R Yes. Psychotherapy was also introduced in K. Kolle's book. At that period there already existed psychoanalysis, hypnotics, persuasion and suggestion. Ever since I started practicing my profession I would always try to understand the mind of the patients first. In the past all the psychiatrists could do was to check the patient's symptoms and offered electric shock therapy besides there weren't many good medicine and only things such as Bromide.
So instead I tried to understand the mind of the patient, which obviously was not easy at first. At that time in the field of psychiatry people believed that there weren't any meanings to the symptoms of psychotic patients. However Binswanger's Phenomenological Daseinsanalysis was introduced and it lead to people searching for inner meaning.
And there was an emphasis on inner life history, Human's Innere Lebens Geshichte. Normally? a psychiatrist would observe the behavior of a patient. In other words the inner mind of the patient would be ignored. I myself started to try to see the mind of the patients and during the period around liberation from Japanese occupation I had a female patient in her 30s who claimed severe headaches. And after diagnosis it was found that the husband had given her gonorrhea on their wedding night and it had made her sterile.

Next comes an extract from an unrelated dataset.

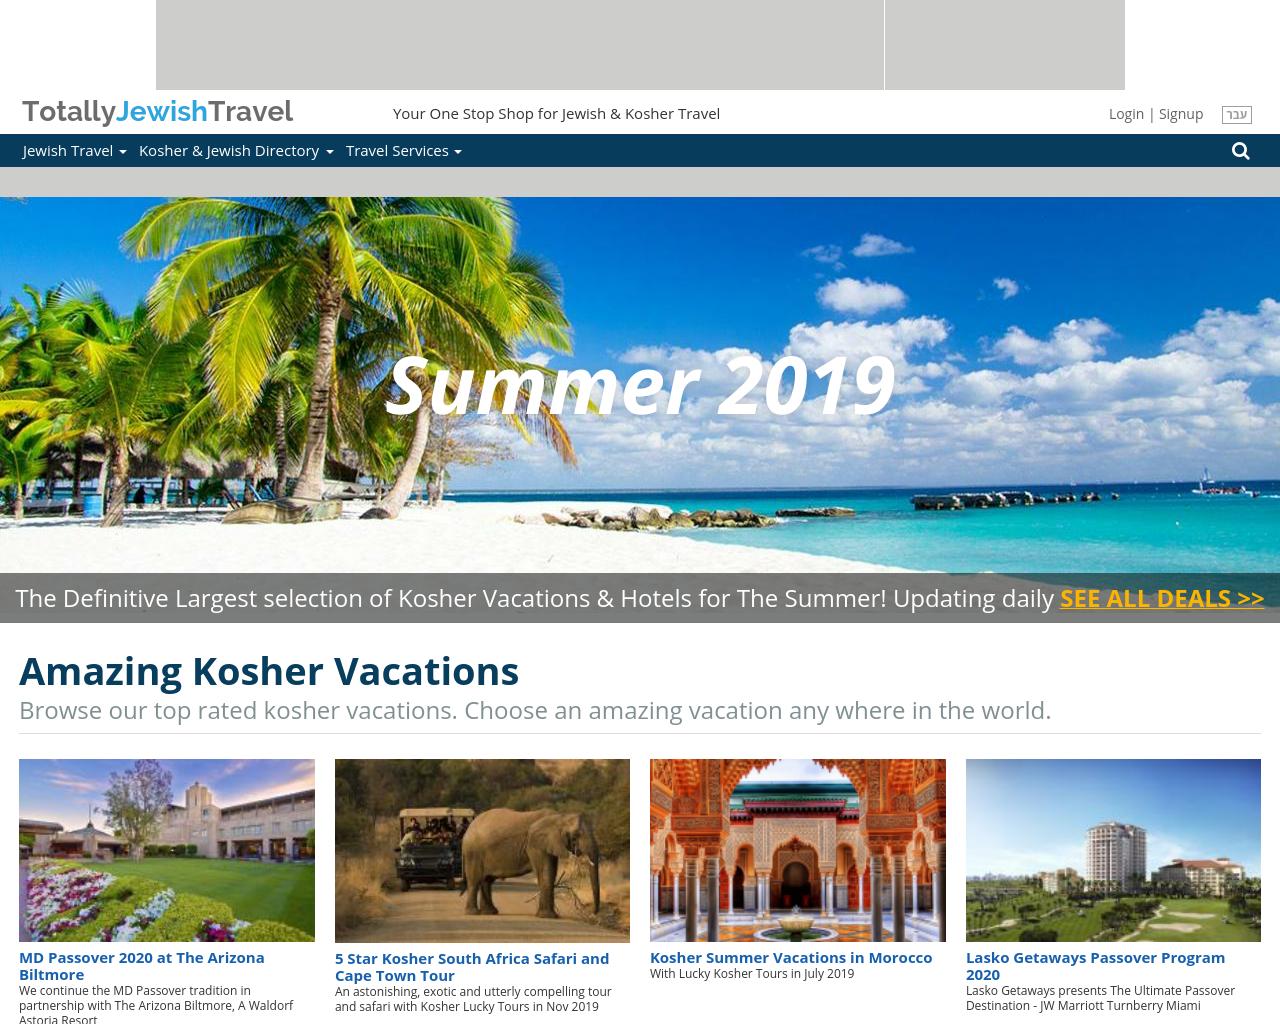 Totally Jewish Travel Advertising Mediakits, Reviews, Pricing

The husband then got himself a concubine to bear children and the patient had been living together with the concubine for the past 8years. I came to the conclusion that it was no wonder her headache since she was living with the concubine.
And then came my first case of psychotherapy during the Korean war. During this treatment I was reading Franz Alexander and French(Thomas Morton French)'s Psychoanalytic Therapy and Fenichel's Psychoanalytic Theory of Neurosis. I have probably gotten some influence from these books while I was treating my first patient.
H And what year was this?
R It was 1953. My patient had a headache that first resided by taking Aspirin. Soon this did not work and he had to rely on a liquid medicine from a psychiatric clinic for about 6 months but this had only a momentary effect. He came to see me after he saw the signboard? of our clinic which read 'psychotherapy' and 'mental hygiene'. During our first interview the reason for his headache wasn't apparent so I told him to tell me everything that arise in her mind. Over a course of 12 sessions I was able to completely cure his psychogenic headache through short-term therapy. After 12 interviews his headache was cured but to treat his basic personality a long treatment period was required.
H It seems that you had already started from psychotherapeutic psychiatry the moment you began psychiatry.
R For me my interest is not to do psychotherapy or pharmacotherapy or etc but to cure the sufferings of patients. This is why Graeme Taylor (1977) had mentioned that in my treatment it includes all of Western theories and techniques.